Il faut savoir que l’ONU a tout d’abord un rôle diplomatique. Elle peut organiser des discussions et des rencontres, soit au sein même de l’ONU (à New-York City), soit en dehors, entre chefs d’Etat ou représentants officiels.

Son rôle est de maintenir la paix dans le monde ou alors de la promouvoir, en envoyant les « Casques Bleus » sur le terrain : des militaires au service de l’ONU, chargés d’apaiser des tensions éventuelles  et de veiller à la démocratie en surveillant le bon fonctionnement de votes par exemple.

L’ONU a également un rôle d’aide aux populations en danger. Elle peut envoyer des soins médicaux, de la nourriture ou de mettre en place des programmes d’alphabétisation. L’Organisation est constituée de plusieurs organes dont les deux principaux sont l’Assemblée générale et le Conseil de sécurité. L’Assemblée générale joue un rôle principalement consultatif, tandis que le Conseil de sécurité a un rôle exécutif.

Le Conseil de sécurité de l’ONU prend les décisions concernant le maintien de la paix dans le monde : il peut organiser des rencontres entre représentants d’Etats en conflit ou même, dans certains cas assez rares, imposer des sanctions lorsque la paix se trouve menacée, et surtout décider de l’intervention de Casques Bleus sur le terrain.

Le Conseil de sécurité est composé de 15 Etats Membres, dont 5 ayant un siège permanent et un droit de veto (France, Russie, Chine, Etats-Unis, Royaume Uni). Les 10 autres changent tous les deux ans, élus par l’Assemblée générale de l’ONU, composée des 193 Etats Membres de l’organisation.
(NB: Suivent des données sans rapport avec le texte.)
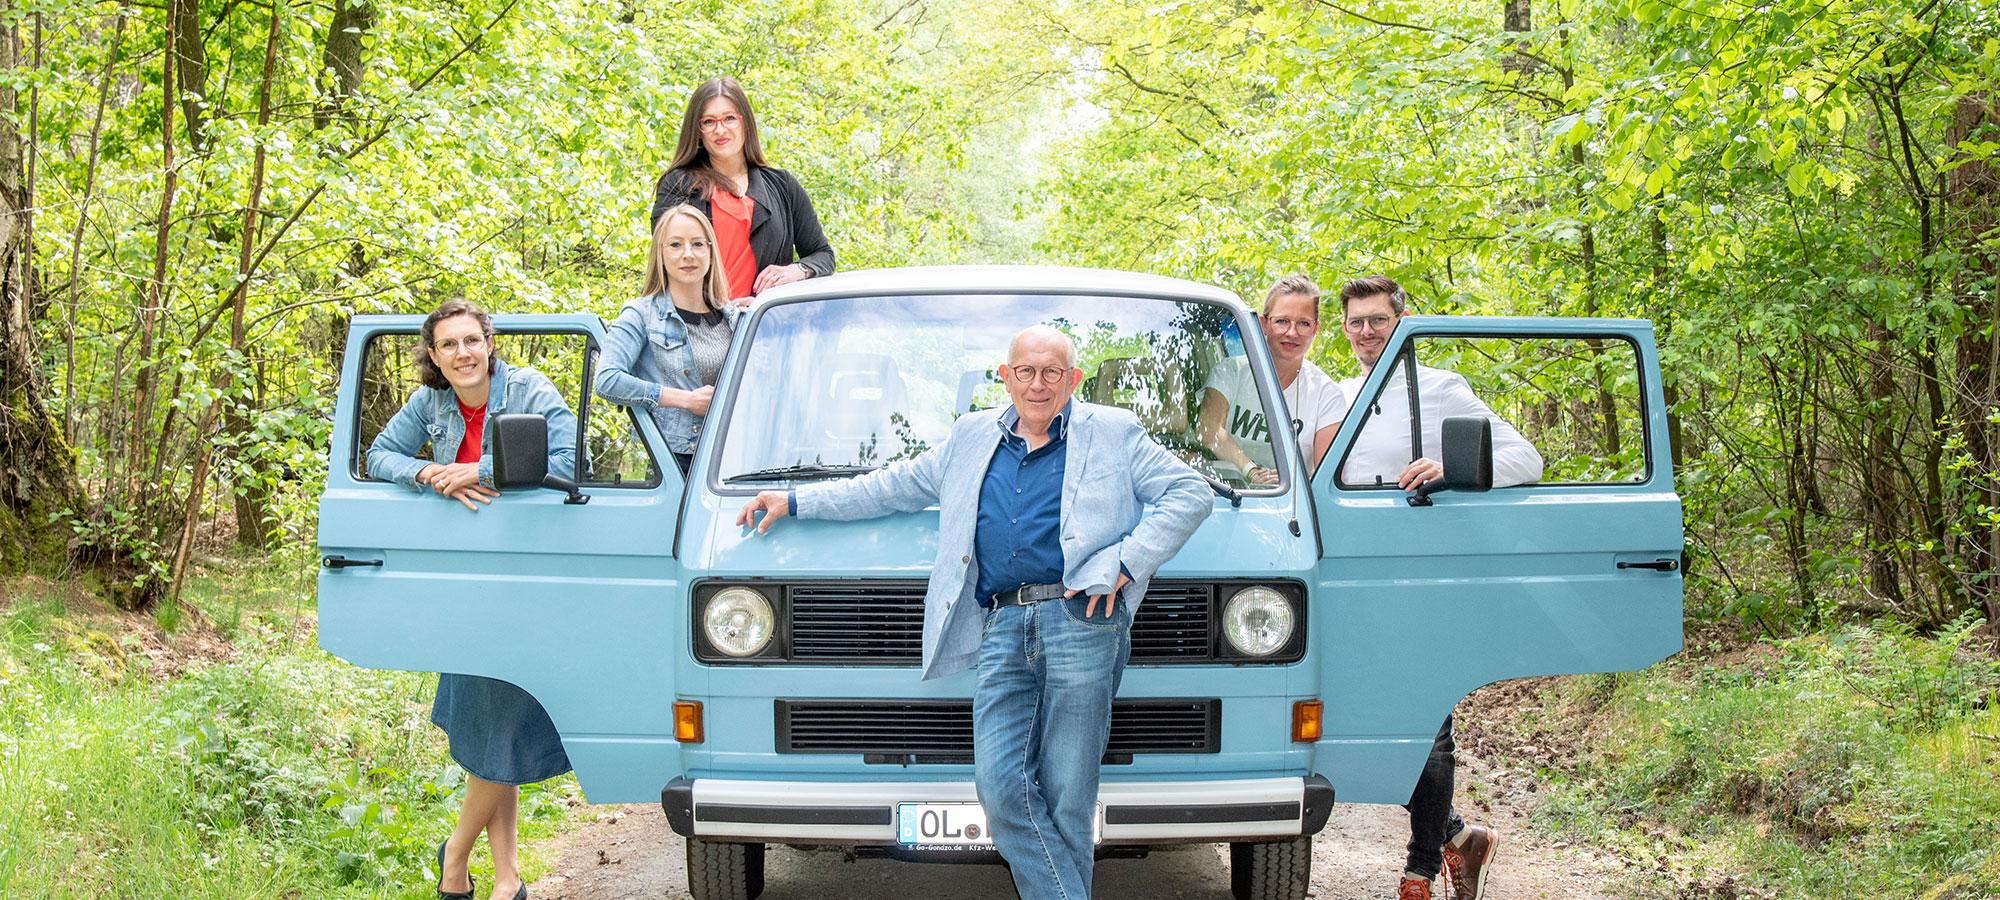 Gruppenfoto vom Harting Team mit einem blauen Van

Actuellement, il se compose de la Bolivie, l’Egypte, l’Ethiopie, l’Italie, le Japon, le Kazakhstan, le Sénégal, la Suède, l’Ukraine et l’Uruguay.

Cependant, comme dans toute discussion confrontant de nombreux participants, il est difficile de mettre la majorité d’accord ; pour le Conseil de Sécurité, qui vote les textes à adopter, il faut 9 approbations sur les 15 Etats Membres, et aucun veto de la part de membres permanents. L’ONU a donc du mal à prendre des mesures, puisque certains Etats Membres permanents du Conseil s’opposent sur beaucoup de points, comme la Russie et la France, par exemple. Dans le cas du conflit en Syrie, le Secrétaire Général précédent, Ban Ki Moon, avait envoyé en juillet 2014 le diplomate Staffan de Mistura, pour des discussions politiques. Mais l’ONU se trouve en partie paralysée puisque la Russie oppose son veto à chaque proposition d’intervention.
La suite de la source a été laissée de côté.